In this paper, we have revisited the traditional interpretation of paired serological measurements of influenza antibody titers. Until now, data on 2-fold rises have been largely ignored because of the belief that measurement errors made them unreliable. Although this may be a valid concern if the aim is to get a specific diagnosis for individual cases, we argue that this is less so when the objective is to interpret antibody titer variations at the population level. We have shown that it is possible to quantify measurement errors, and to reconstruct the distribution of paired serology corrected for measurement errors. Our method gave unbiased estimates in a simulation study.

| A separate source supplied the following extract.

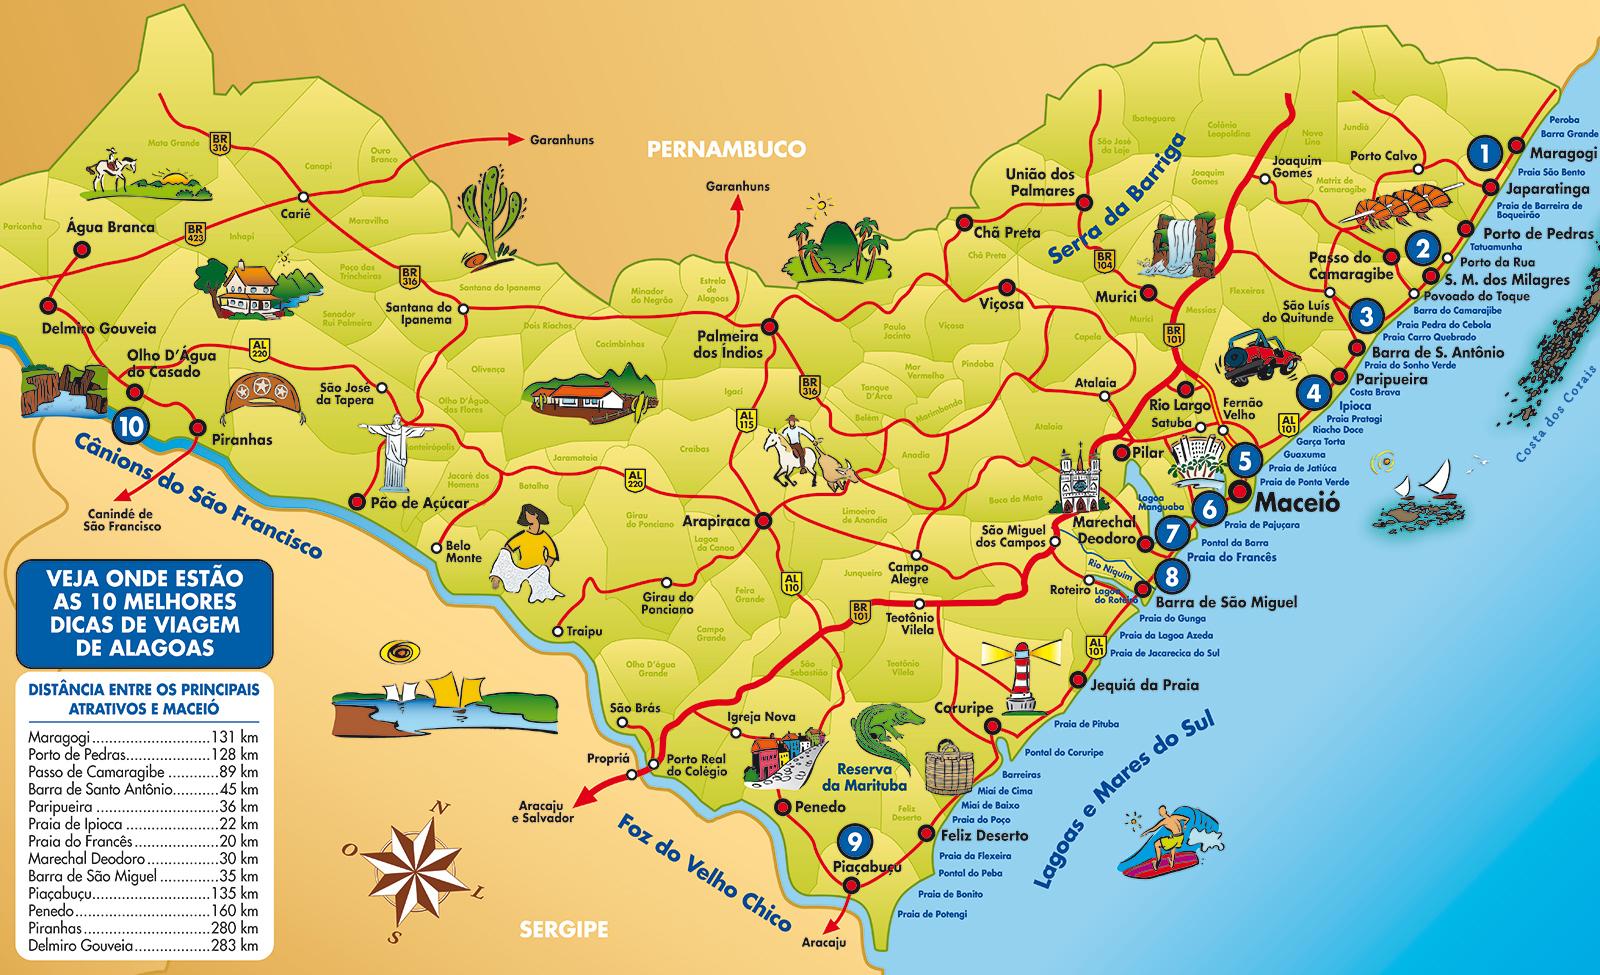 Mapa de praias de Alagoas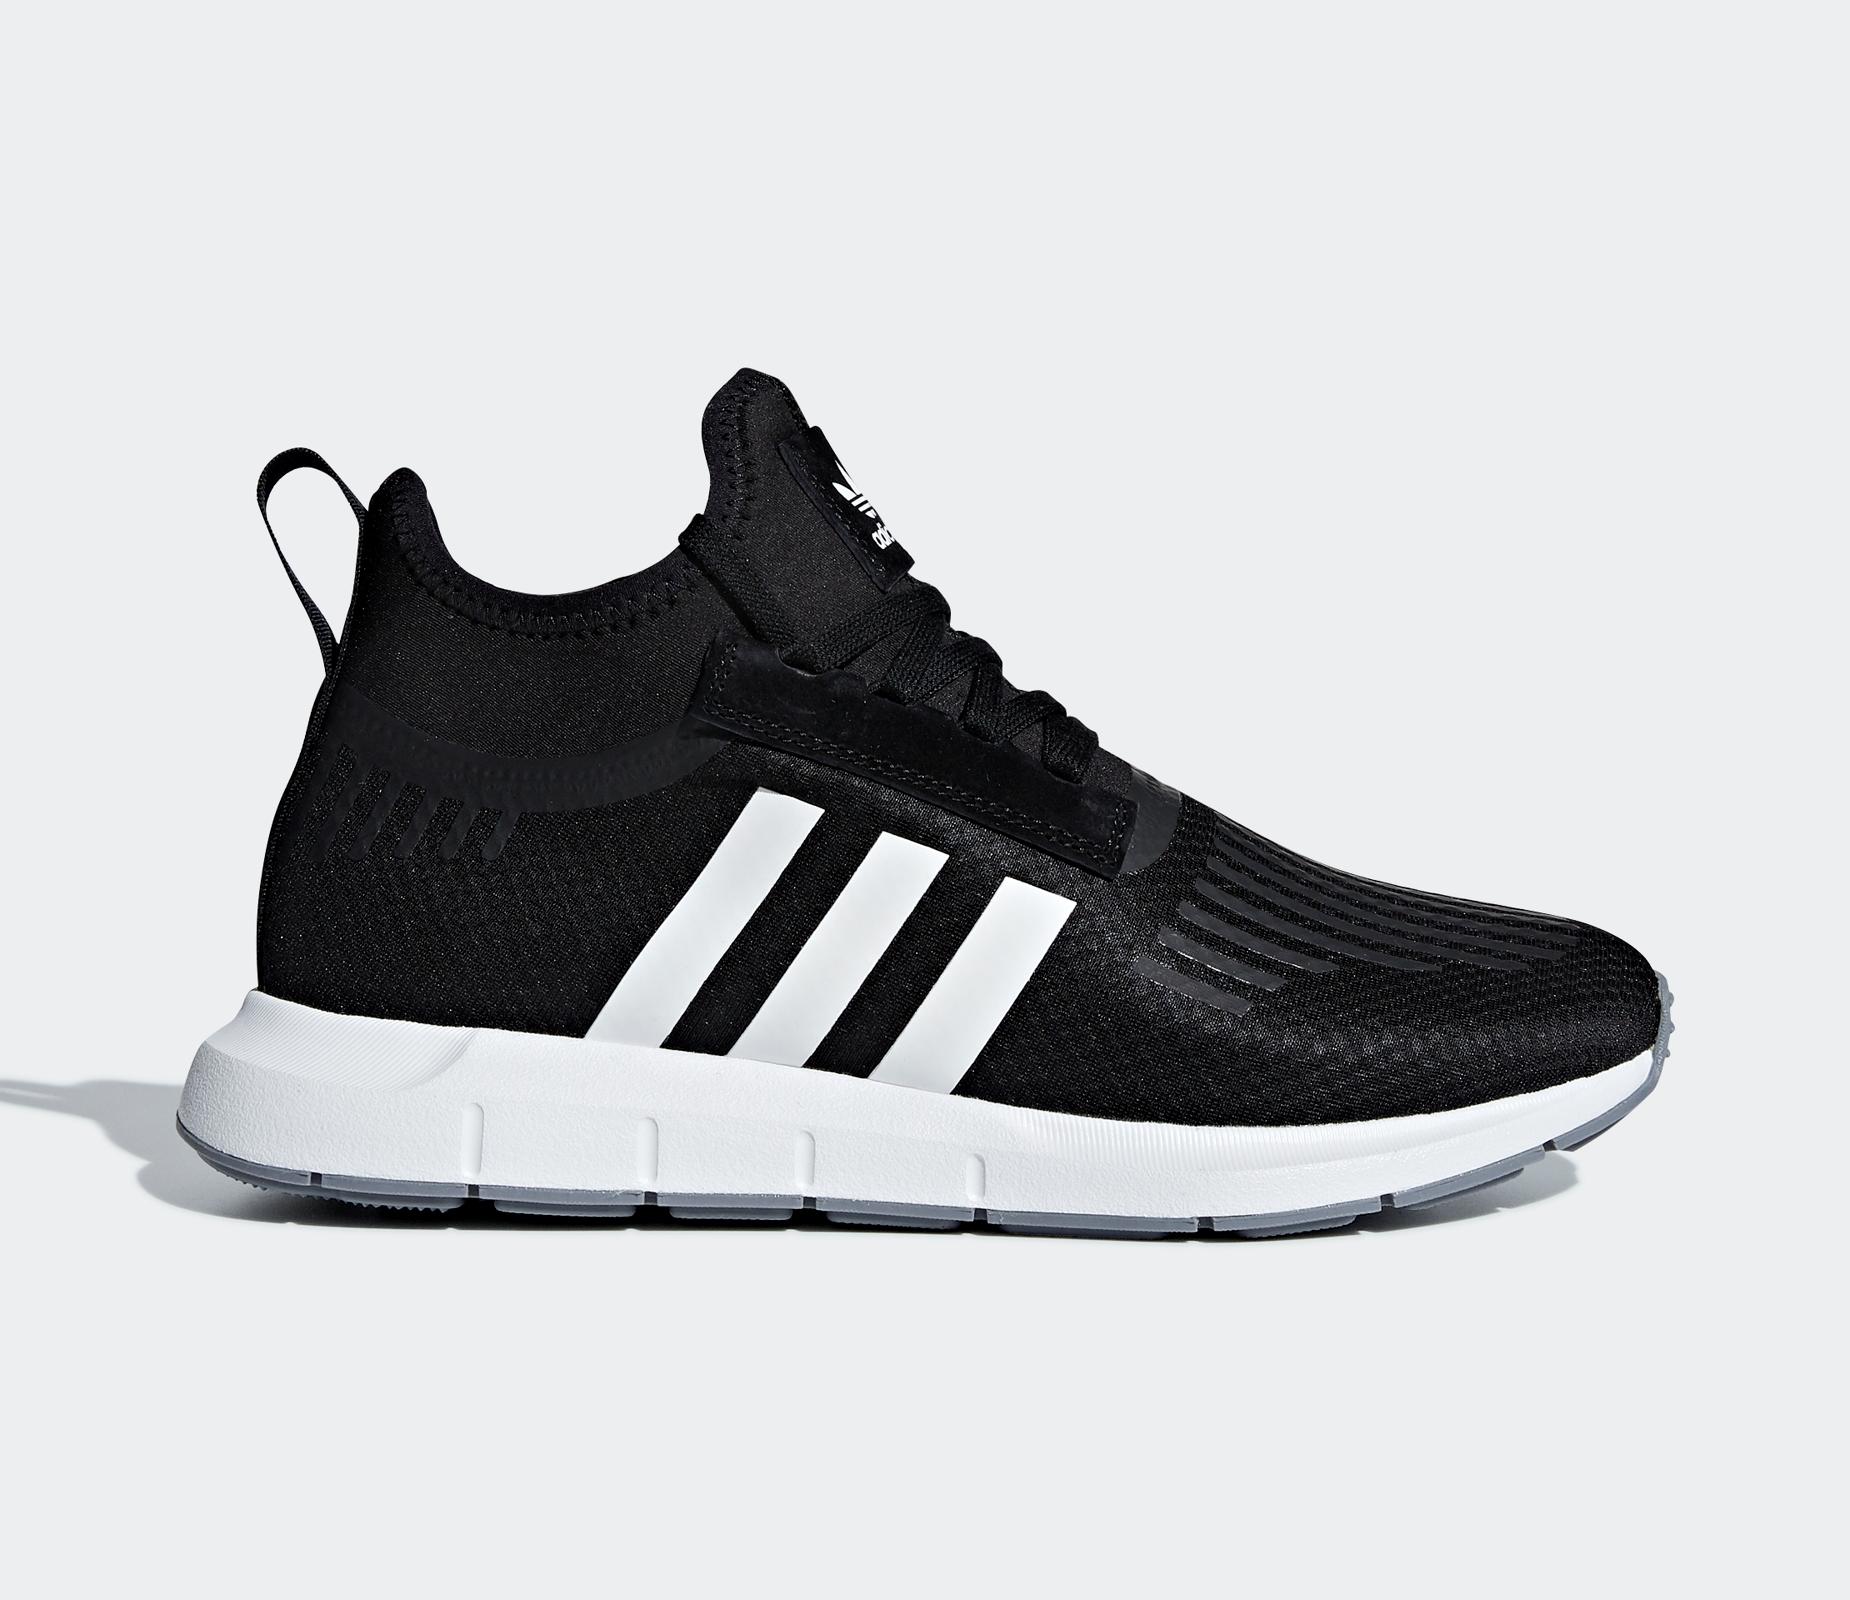 Foot The Swift Run Musta Aqt31 Barrier Originals Athlete s Adidas CTqw11 4d93c64f4a

After correction for measurement errors for the Vietnamese data examined here, we found that for some seasons and subtypes the proportions of individuals with 2-fold rises in antibody titers was too large to be explained by measurement errors alone. Estimates of infection attack rates varied greatly depending on whether or not 2-fold rises were included. It is therefore important to determine the biological phenomenon that could cause such increases, in particular whether they are caused by exposure to influenza viruses.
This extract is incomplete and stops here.